─── DATA LISTING ───

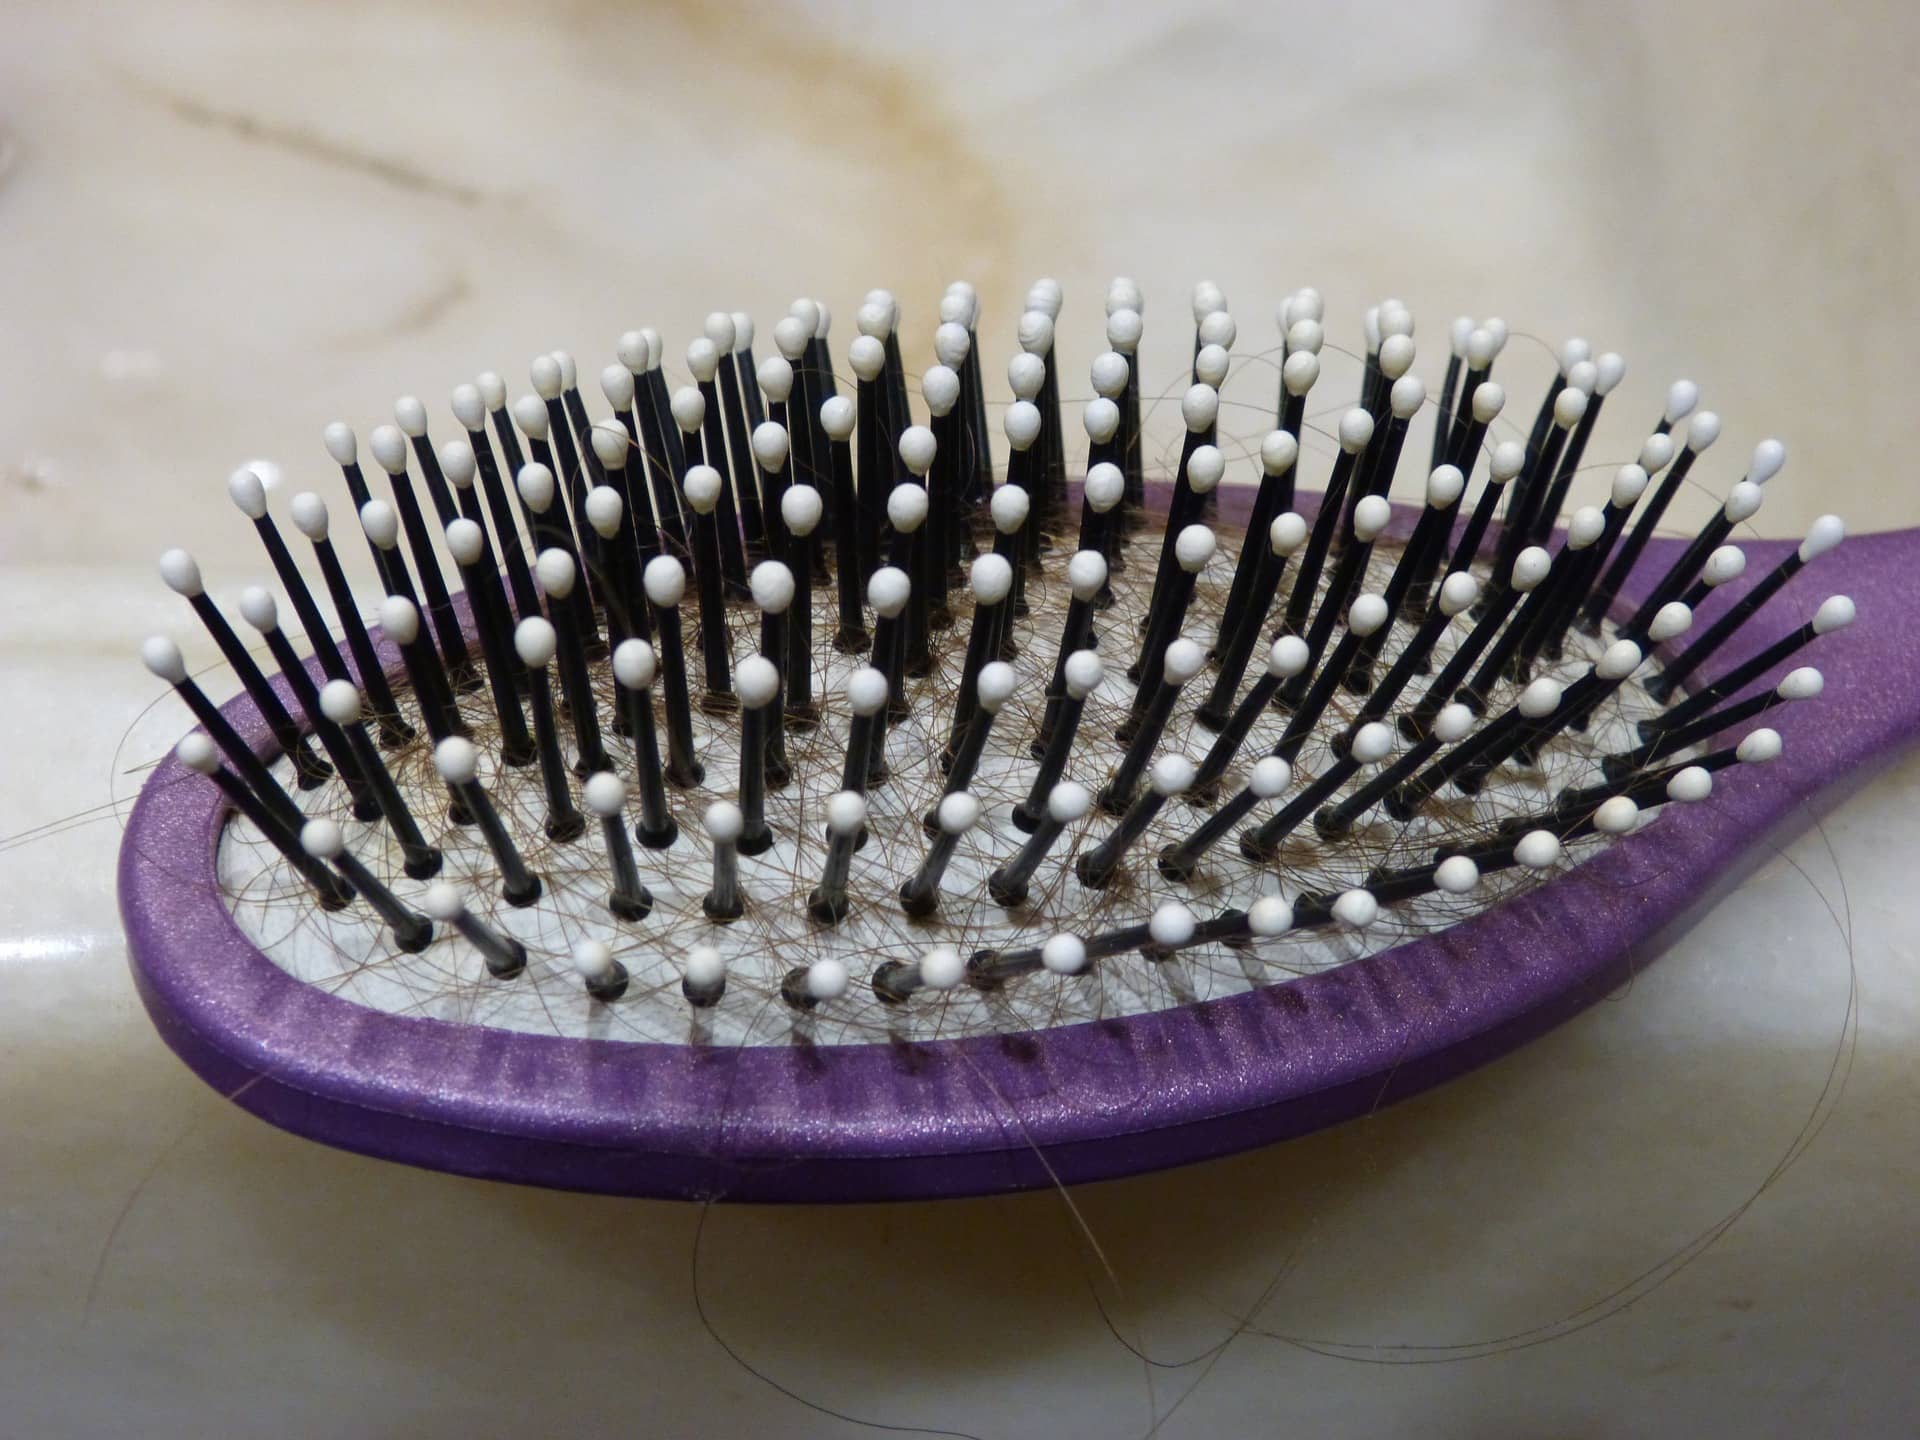 hairbrush
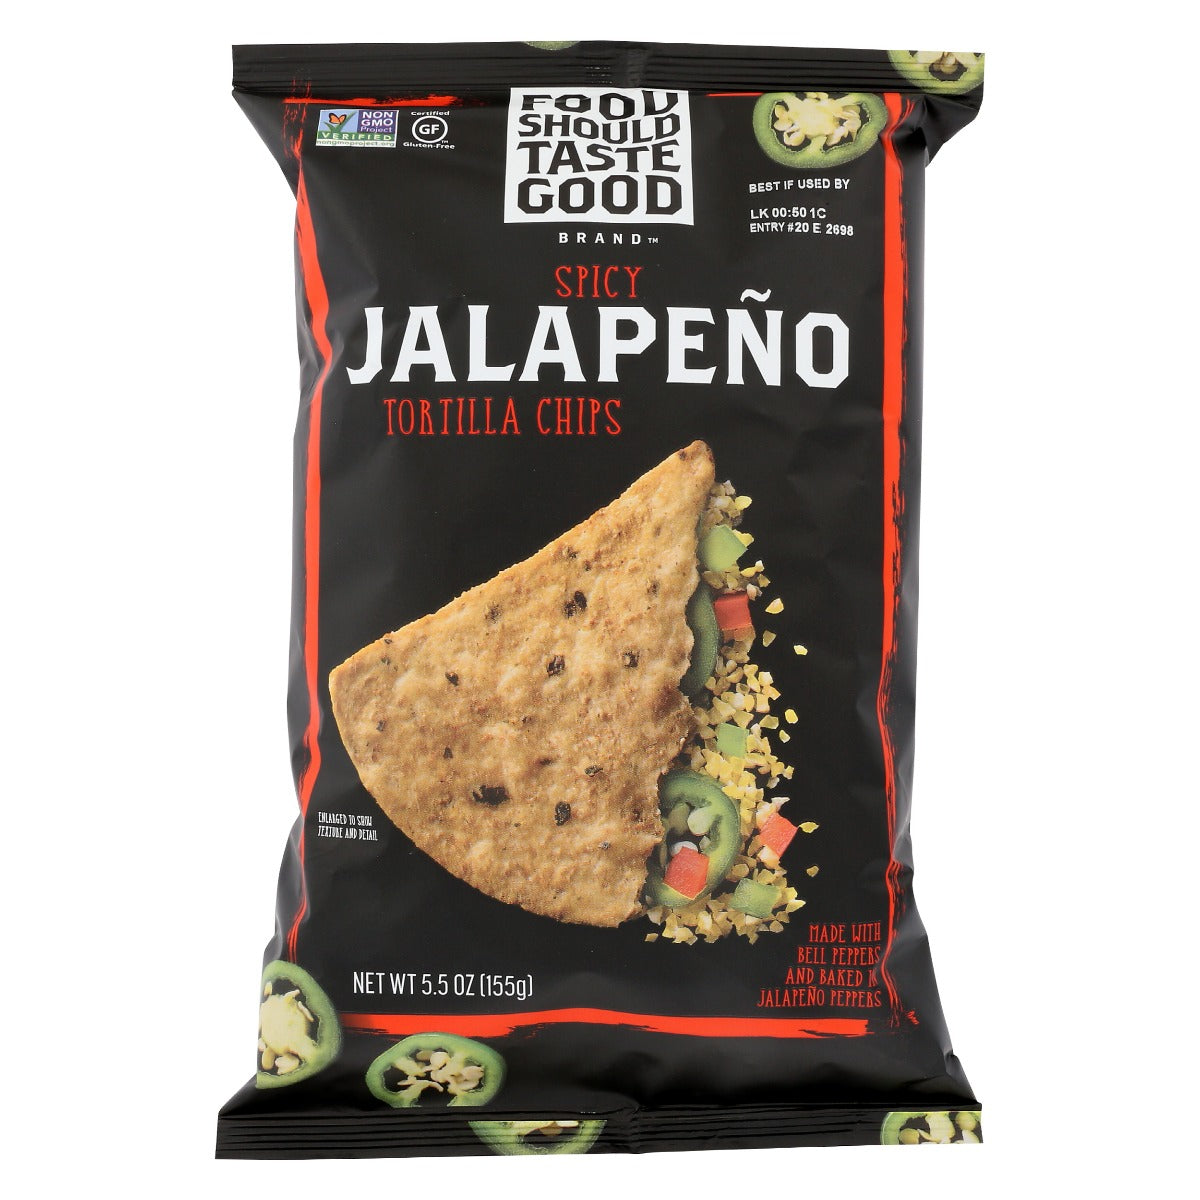 FOOD SHOULD TASTE GOOD: All Natural Tortilla Chips Jalapeno, 5.5 oz - Vending Business Solutions
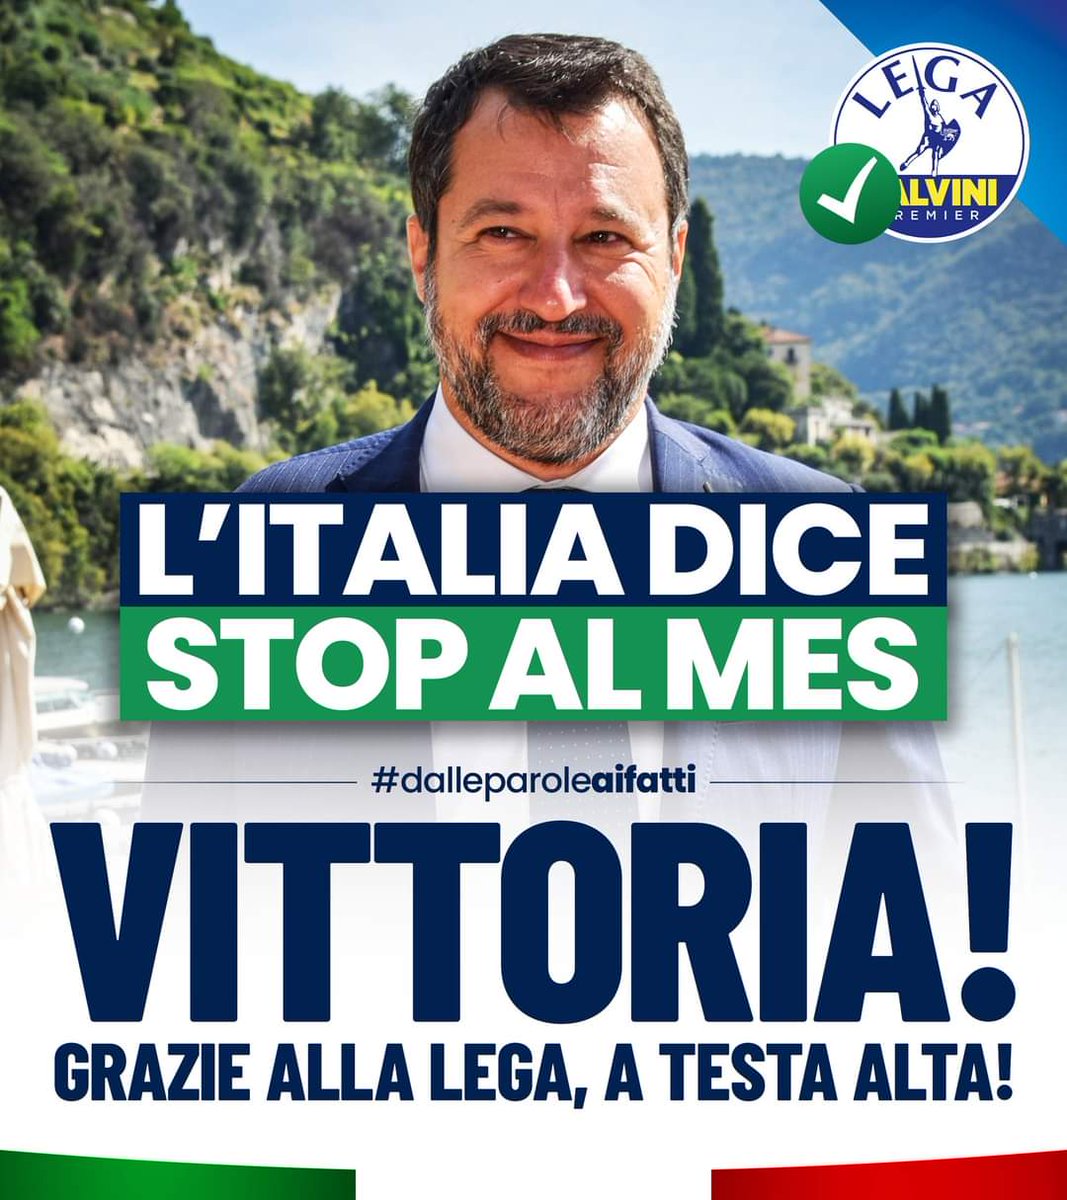 Era dai tempi di Sigonella che l'Italia non difendeva la propria sovranità.
Bloccando il MES e i suoi effetti disastrosi, abbiamo detto all'Europa che non siamo più disposti a sottometterci a qualcosa che ci danneggia.
Un risultato storico ottenuto dalla Lega e da Matteo Salvini.
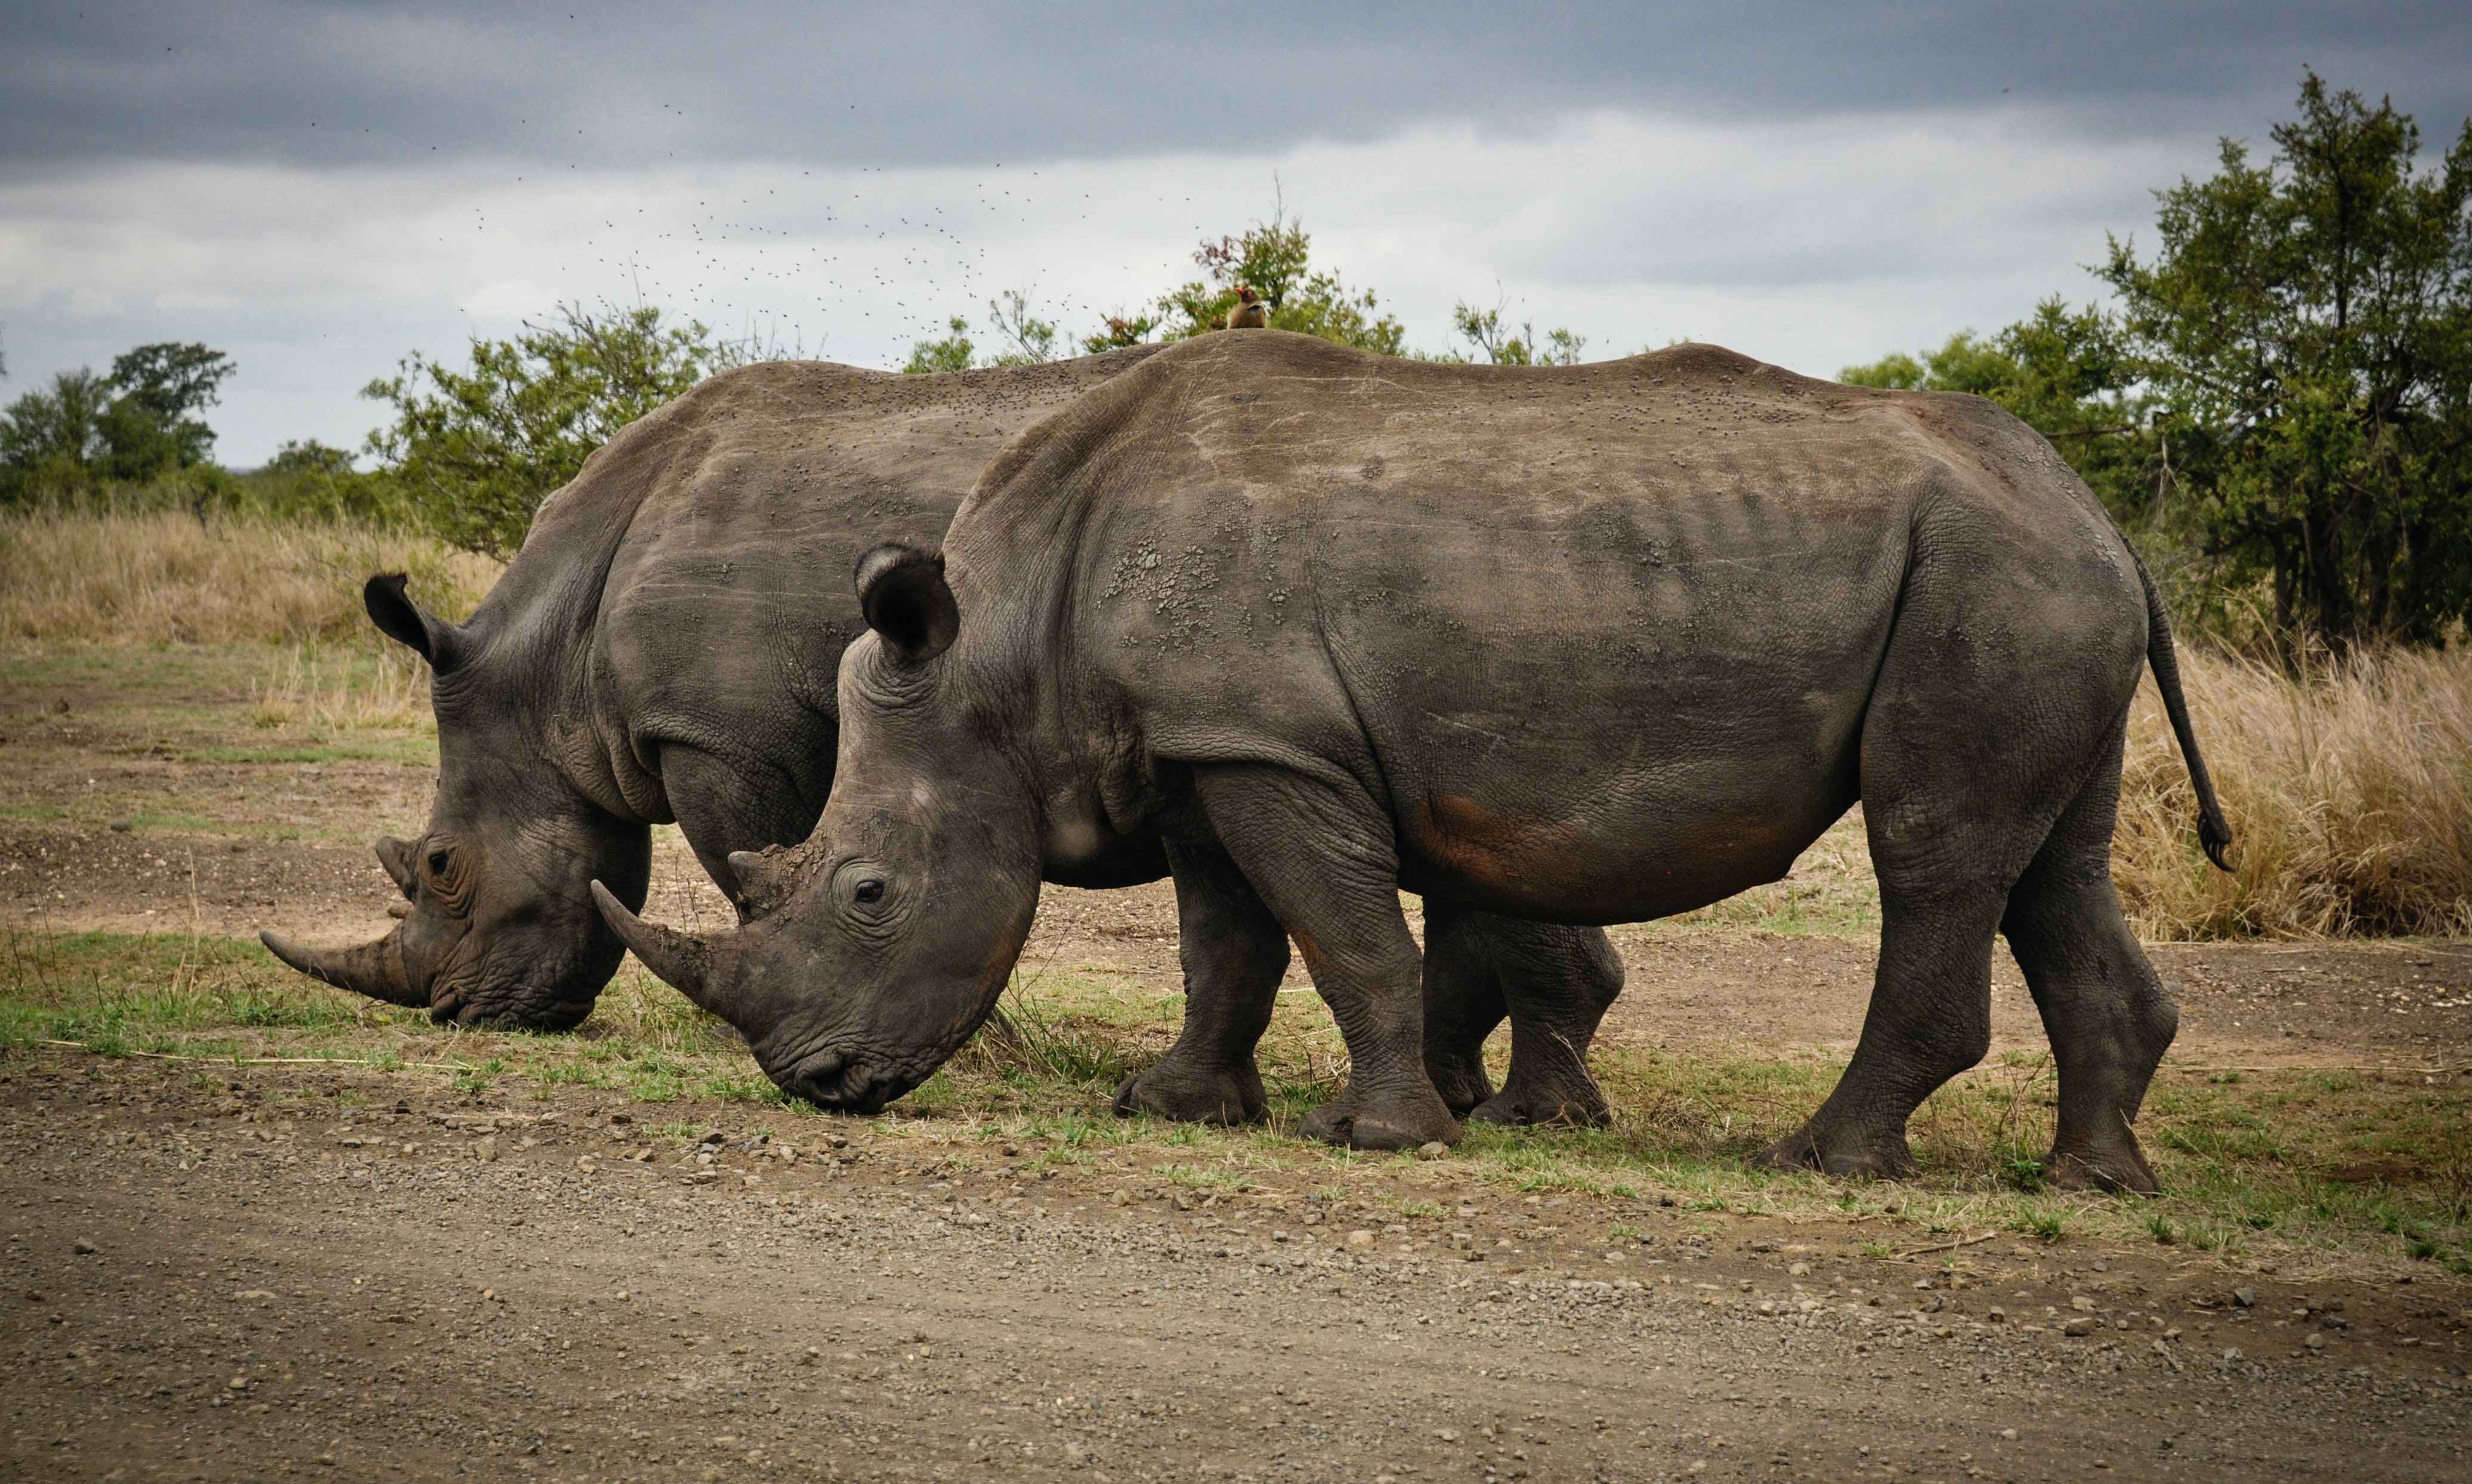 Rhinocerous in the Ngorongoro Crater in Tanzania

───

● **THE PROBLEM**
The lines wanted run from the one with "Un risultato storico" through the final line of the data; repeat them word for word and skip every picture.

● **EXERCISE ANSWER**
Un risultato storico ottenuto dalla Lega e da Matteo Salvini.
 Rhinocerous in the Ngorongoro Crater in Tanzania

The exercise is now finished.